Identifying that tax evasion is enabling billionaires to enjoy effective tax rates equivalent to 0% to 0.5% of their wealth, a study commissioned by the European Union has called for a 2% tax on the world’s 3,000 wealthiest individuals.
The Paris-based EU Tax Observatory estimated in the report titled ‘Global Tax Evasion Report’ that such a measure could raise close to $250 billion annually. This measure is expected to address both evasion and generate funds to battle the rising challenges of climate change, pandemics, and inequality.
Economist Joseph Stiglitz, in a forward to the report, said that glaring tax disparity “undermines the proper functioning of our democracy; it deepens inequality, weakens trust in our institutions, and erodes the social contract.”
“The revenues that would be collected if we made a dent on evasion and avoidance are critical to societies, as countries around the world face the challenges of climate change, pandemics, and inequality, and as governments have to make essential investments in education, health, infrastructure, and technology,” Stiglitz wrote.
The EU Tax Observatory is a collective of economists created three years ago as part of the European Union’s efforts to combat tax abuse. It was co-funded by the EU, the Norwegian Agency for Development Cooperation, and the Research Council of Norway.
The study evaluates international efforts to combat tax evasion, citing significant progress in some areas. The automatic exchange of bank information, in particular, has reduced offshore tax evasion by a factor of three over the past decade. However, some individuals who used to hide financial assets in offshore banks have exploited loopholes by shifting holdings to non-covered assets, most importantly real estate, the report says.
The study identifies real estate as a particularly serious blind spot in international information exchange and says that it may be used for money laundering, tax evasion, escaping international sanctions, or other financial crimes. One of the major limitations of the current system of automatic information is that it does not cover certain assets, giving tax evaders incentives to invest in such assets, including real estate and works of art held in “freeports.”
According to the data available, close to $500 billion are owned by foreigners in six cities — London, Paris, Singapore, Dubai, Cote d’Azur, and Oslo — an equivalent to more than 10% of total real estate in these areas. In Dubai alone, $136 billion of real estate, 27% of the value of total Dubai real estate, is held by foreigners. Indian nationals own about 20% of the value of foreign-owned properties in Dubai.
Noting the methods of avoiding taxes, the report says that an equivalent of 35% of all the profits booked by multinational companies outside of their headquarters country — $1 trillion in 2022 — is shifted to tax havens. Billionaires use personal wealth-holding companies to avoid income tax in many countries, a practice that may not be illegal but can legitimately be seen as closer to evasion.
The report proposes an evolution of the law, including international law to battle tax evasion. “Current laws and treaties cannot be the final word on the issue of how to regulate taxation in an interconnected world. The law will keep adapting, new treaties will be written, as has happened throughout history,” it said.

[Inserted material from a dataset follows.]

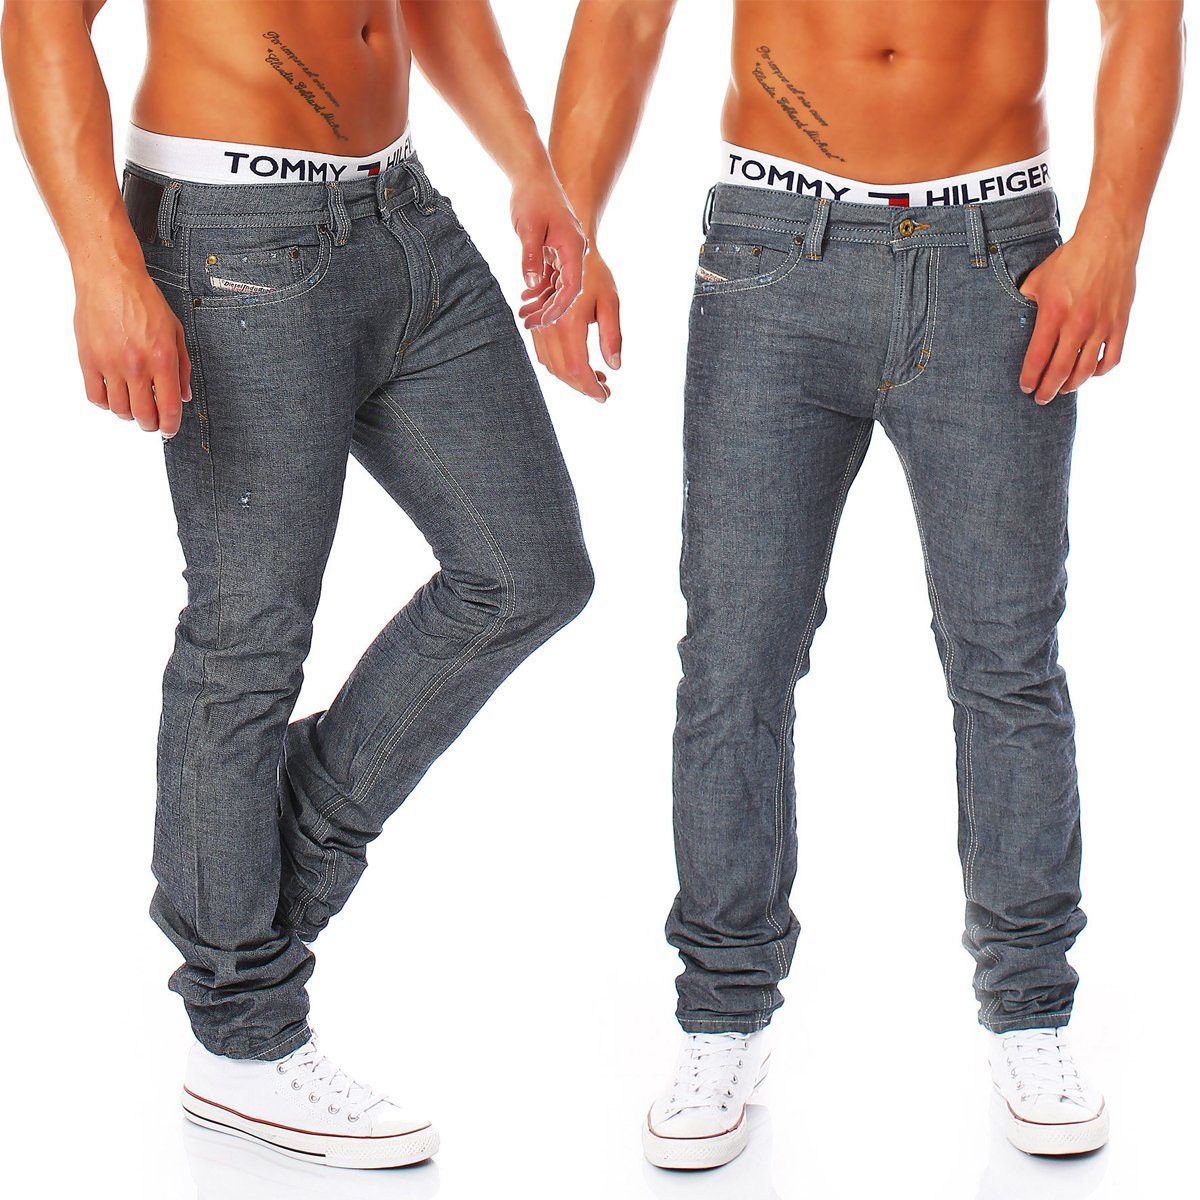 Diesel Slim-fit-Jeans Style, Thavar Dezenter Röhrenjeans, Blau-Grau, 5 Pocket Herren Used-Look 0809D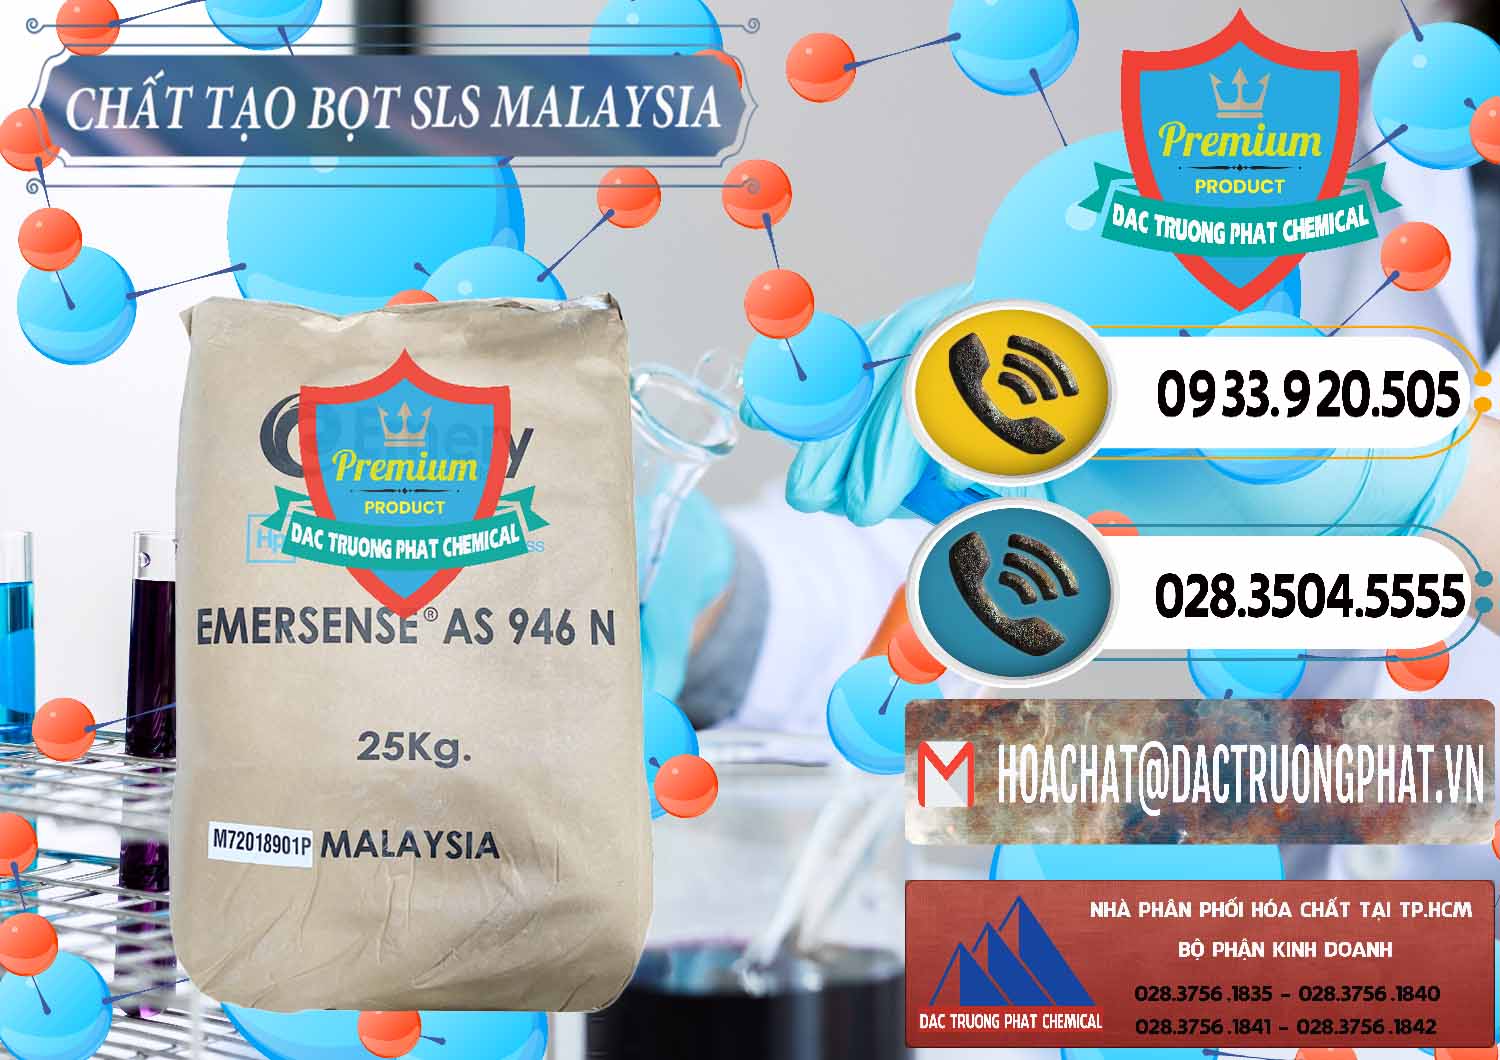 Nơi nhập khẩu - bán Chất Tạo Bọt SLS Emery - Emersense AS 946N Mã Lai Malaysia - 0423 - Công ty chuyên phân phối _ nhập khẩu hóa chất tại TP.HCM - hoachatdetnhuom.vn

The report recommends the international agreement on minimum corporate taxation to implement a rate of 25% and remove the loopholes in it that foster tax competition. It also calls for a Global Asset Registry to fight tax evasion.
Proposing a new global minimum tax for the world’s billionaires equal to 2% of their wealth, the report says the move would address the evasion and generate nearly $250 billion from 2,756 individuals. From 260 billionaires in South and Southeast Asia, it is estimated that $17.3 billion can be raised.
The number of taxpayers affected by the proposal is very small, and the 2% tax rate for these taxpayers would still be very modest but the revenue potential is large due to the concentration of wealth at the top of the distribution and the low current tax rates of billionaires.
The report defends the proposal by highlighting the modest nature of the tax rate in light of billionaires’ wealth growth, which has averaged 7% annually since 1995, adjusted for inflation.